>>

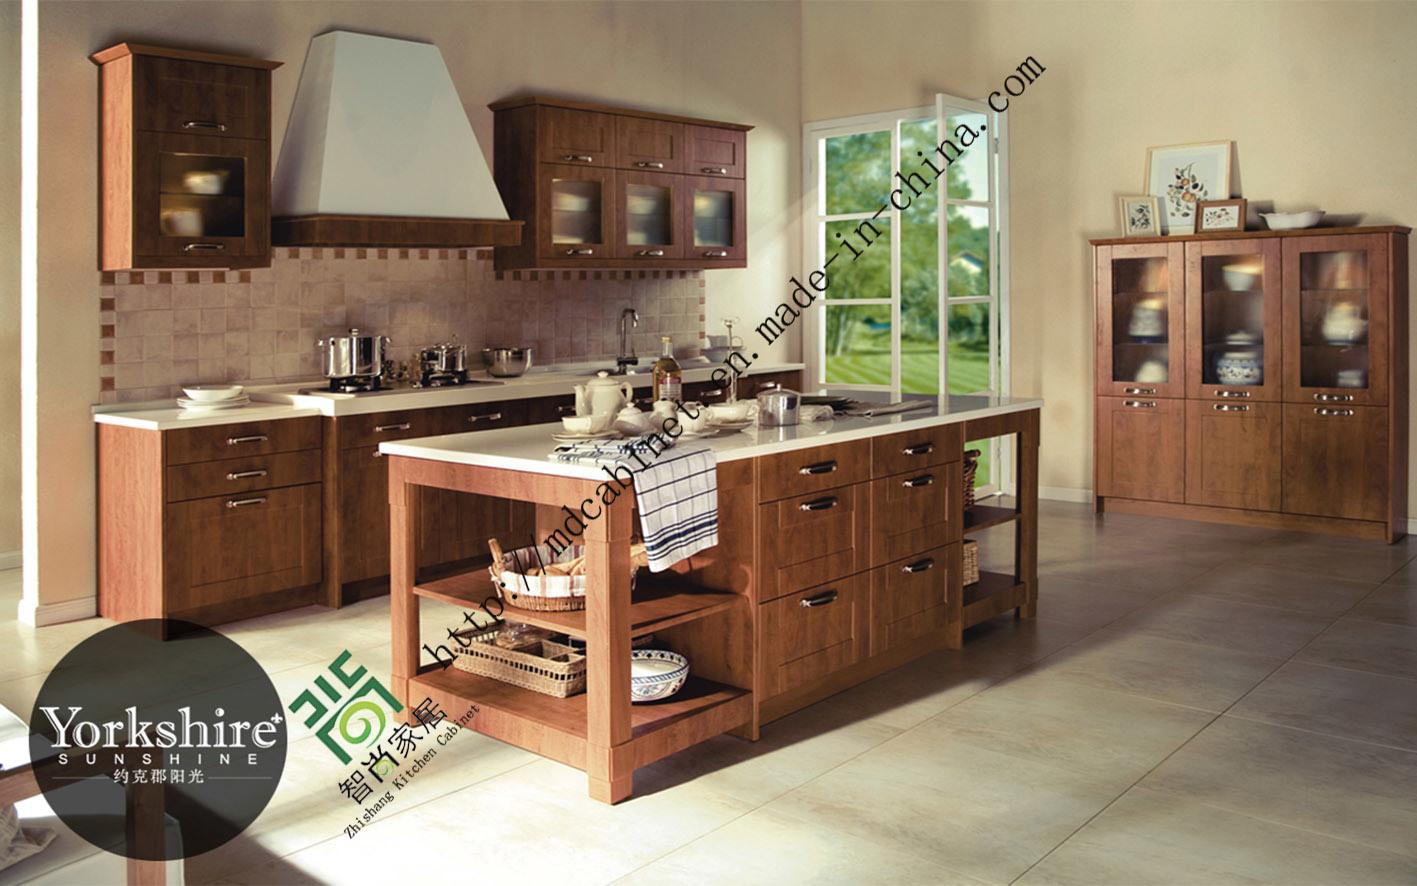 Mdf muebles de madera cl sica sala de estar mdf muebles for Muebles en madera mdf
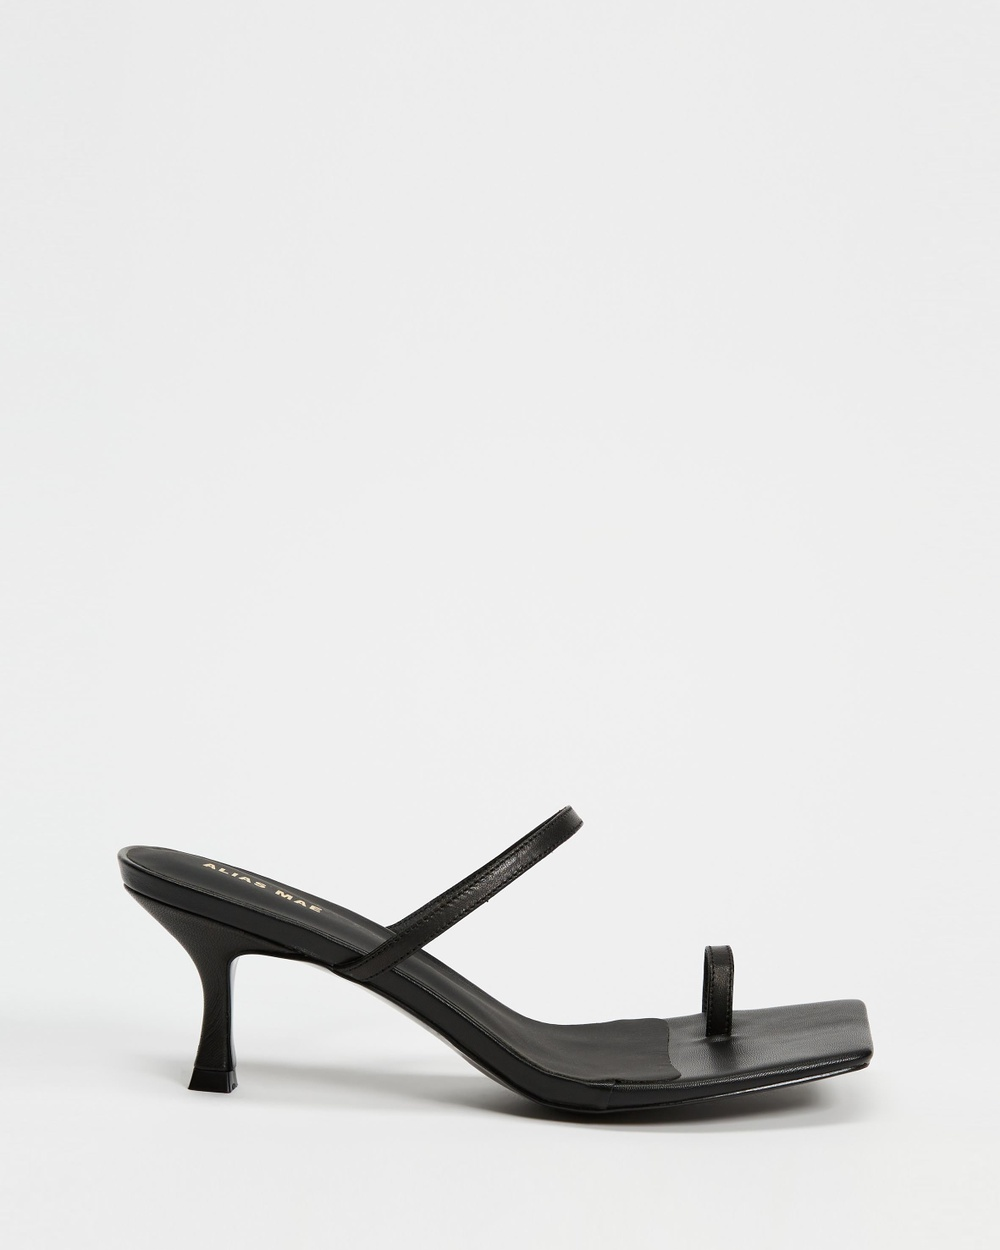 Alias Mae Baker Mid-low heels Black Leather
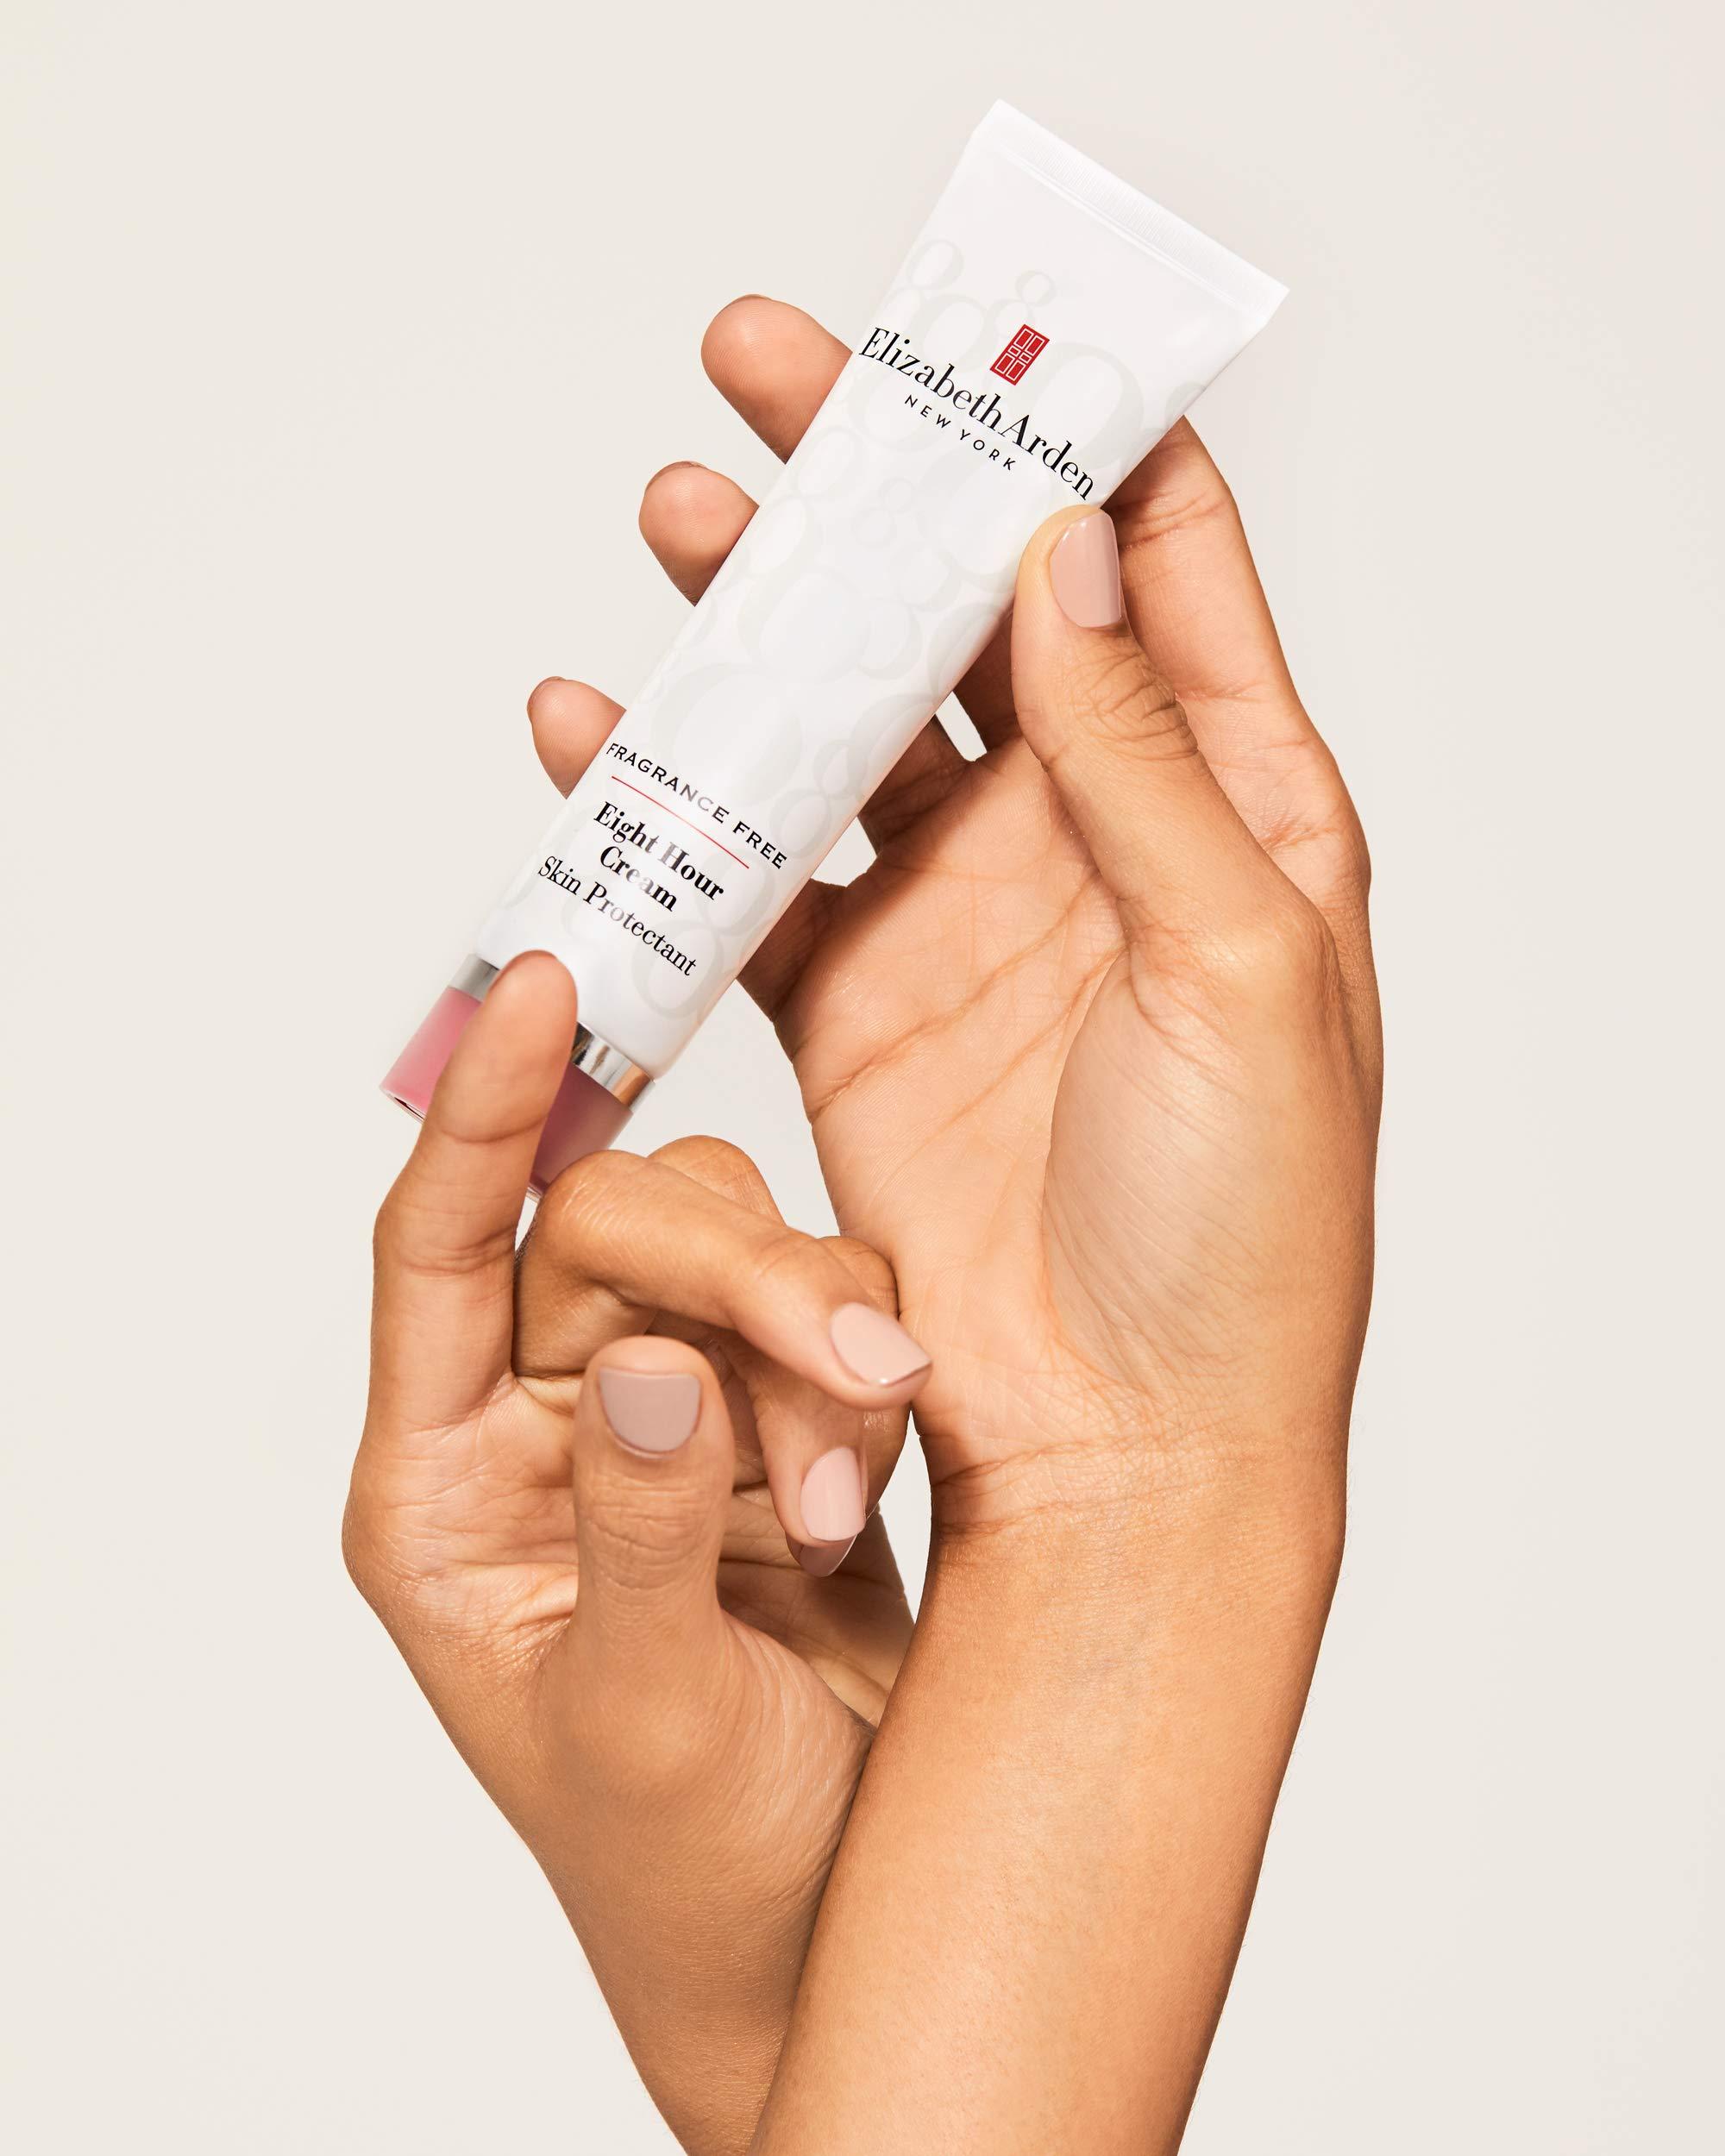 Elizabeth Arden Eight Hour Skin Protectant Cream, Fragrance Free, 1.7 oz. by Elizabeth Arden (Image #5)

<<

Retype word for word all the material given above, and keep the pictures out.

__Result__:
 Mdf muebles de madera cl sica sala de estar mdf muebles for Muebles en madera mdf
 Alias Mae Baker Mid-low heels Black Leather
 Elizabeth Arden Eight Hour Skin Protectant Cream, Fragrance Free, 1.7 oz. by Elizabeth Arden (Image #5)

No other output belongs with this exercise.